Secondly, it is to be observed that there is a wide difference between the equality here spoken of, and the equality which has frequently constituted a subject of discussion among mankind. This is not an equality introduced by force, or maintained by the laws and regulations of a positive institution. It is not the result of accident, of the authority of a chief magistrate, or the over-earnest persuasion of a few enlightened thinkers; but is produced by the serious and deliberate conviction of the public at large. It is one thing for men to be held to a certain system by the force of laws, and the vigilance of those who administer them; and a thing entirely different to be held by the firm and habitual persuasion of their own minds. We can readily conceive their finding means to elude the former; but it is not so easy to comprehend a disobedience to the latter. If the force of truth shall be strong enough gradually to wean men from the most rooted habits, and to introduce a mode of society so remote from that which at present exists, it will also probably be strong enough to hold them in the course they have commenced, and to prevent the return of vices which have once been extirpated. This probability will be increased if we recollect the two principles which must have led men into such a system of action; a stricter sense of justice, and a purer theory of happiness.

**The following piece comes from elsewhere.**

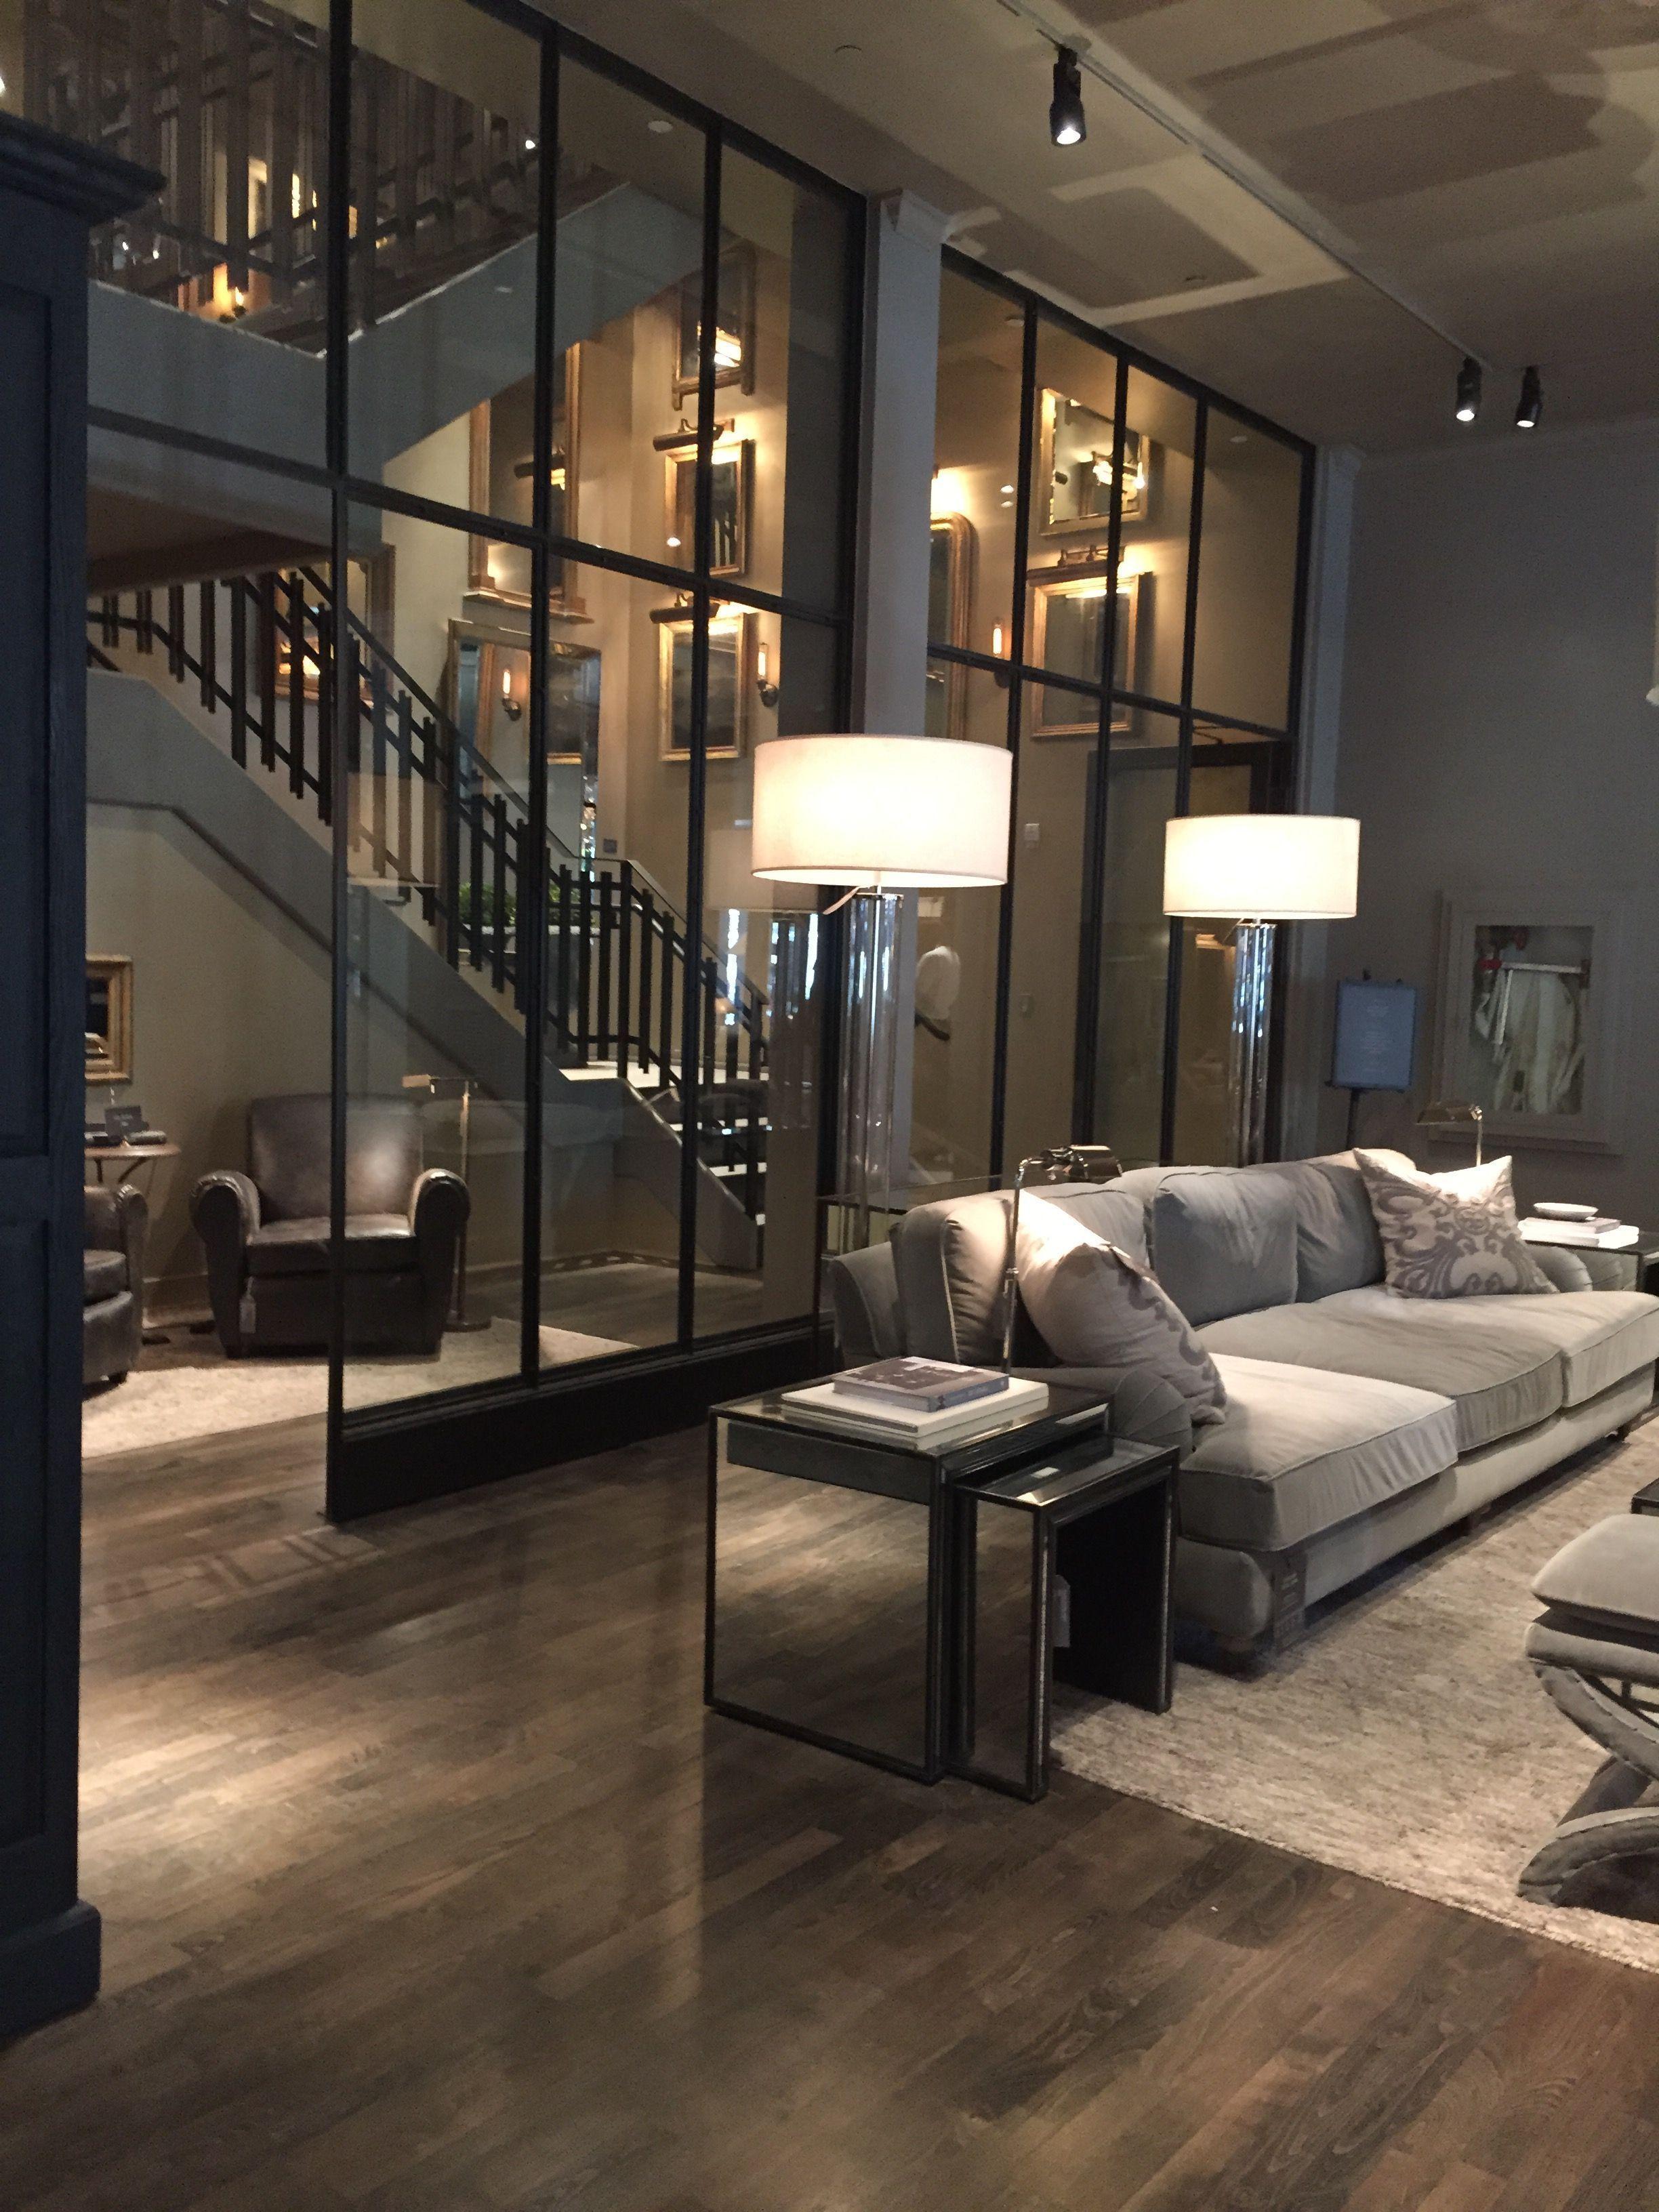 Contemporary Interior Amazing Design41 Amazing Contemporary Interior Design 2019 Contemporary House Contemporary Kitchen Decor Modern House Design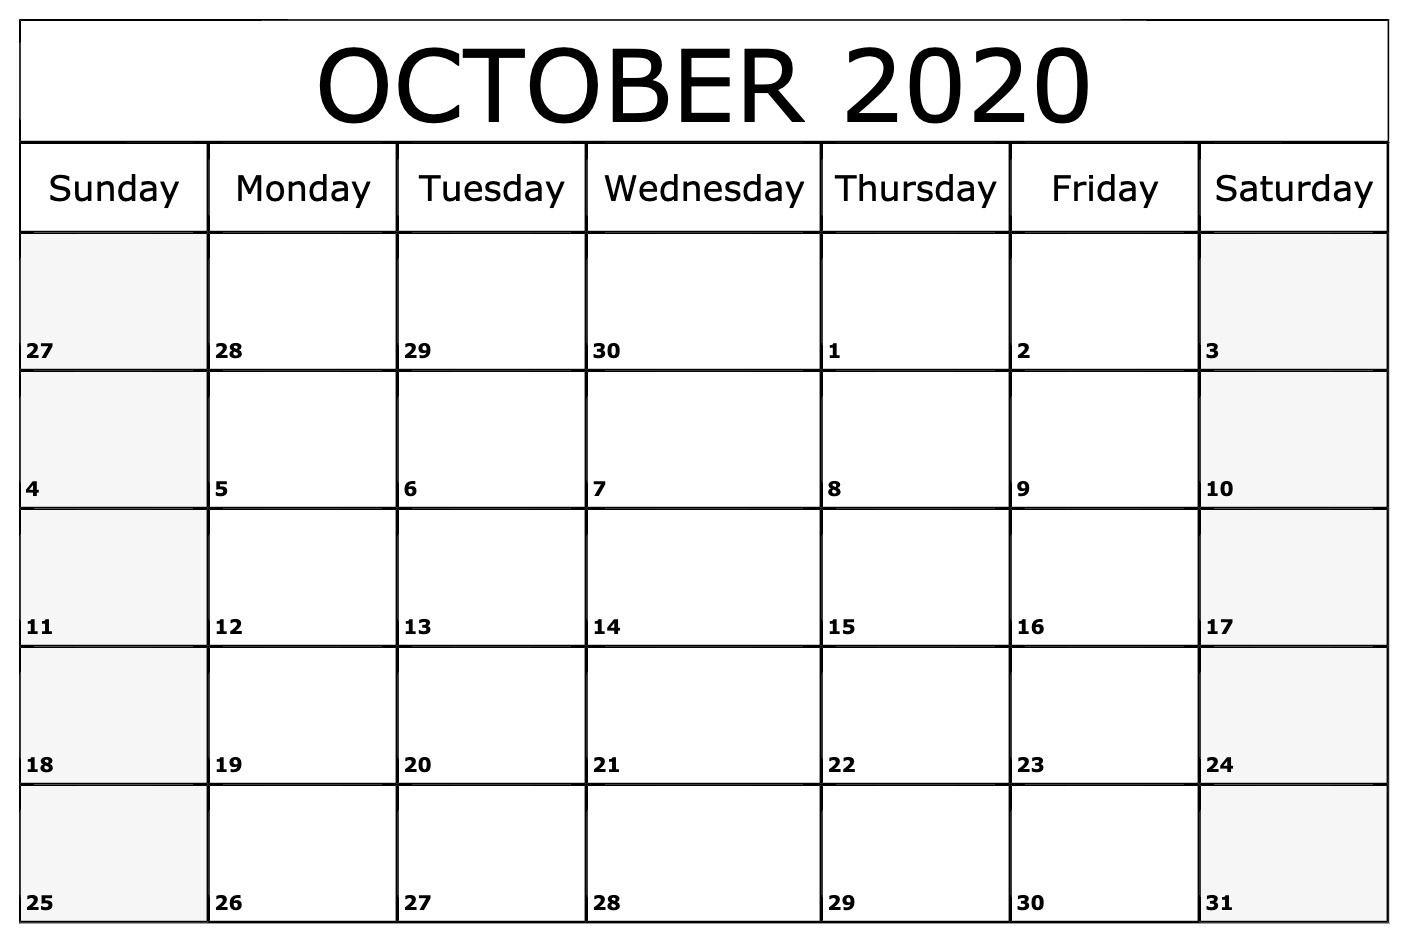 2020 October Calendar | Free Printable Calendar Templates

Equality of conditions cannot begin to assume a fixed appearance in human society till the sentiment becomes deeply impressed, as well as widely diffused, that the genuine wants of any man constitute his only just claim to the ultimate appropriation, and the consumption, of any species of commodity. It must previously be seen that the claims of one man are originally of the same extent as the claims of another; and that the only difference which can arise must relate to extraordinary infirmity, or the particular object of utility which any individual is engaged in promoting. It must be felt that the most fundamental and noxious of all kinds of injustice is for one man actively to withhold from his neighbours the most indispensable benefits, for the sake of some trivial accommodation to himself. Men who are habituated to these views can scarcely be tempted to monopolize; and the sense of the community respecting him who yields to the temptation will be so decisive in its tenor, and unequivocal in its manifestation, as to afford small encouragement to perseverance or imitation.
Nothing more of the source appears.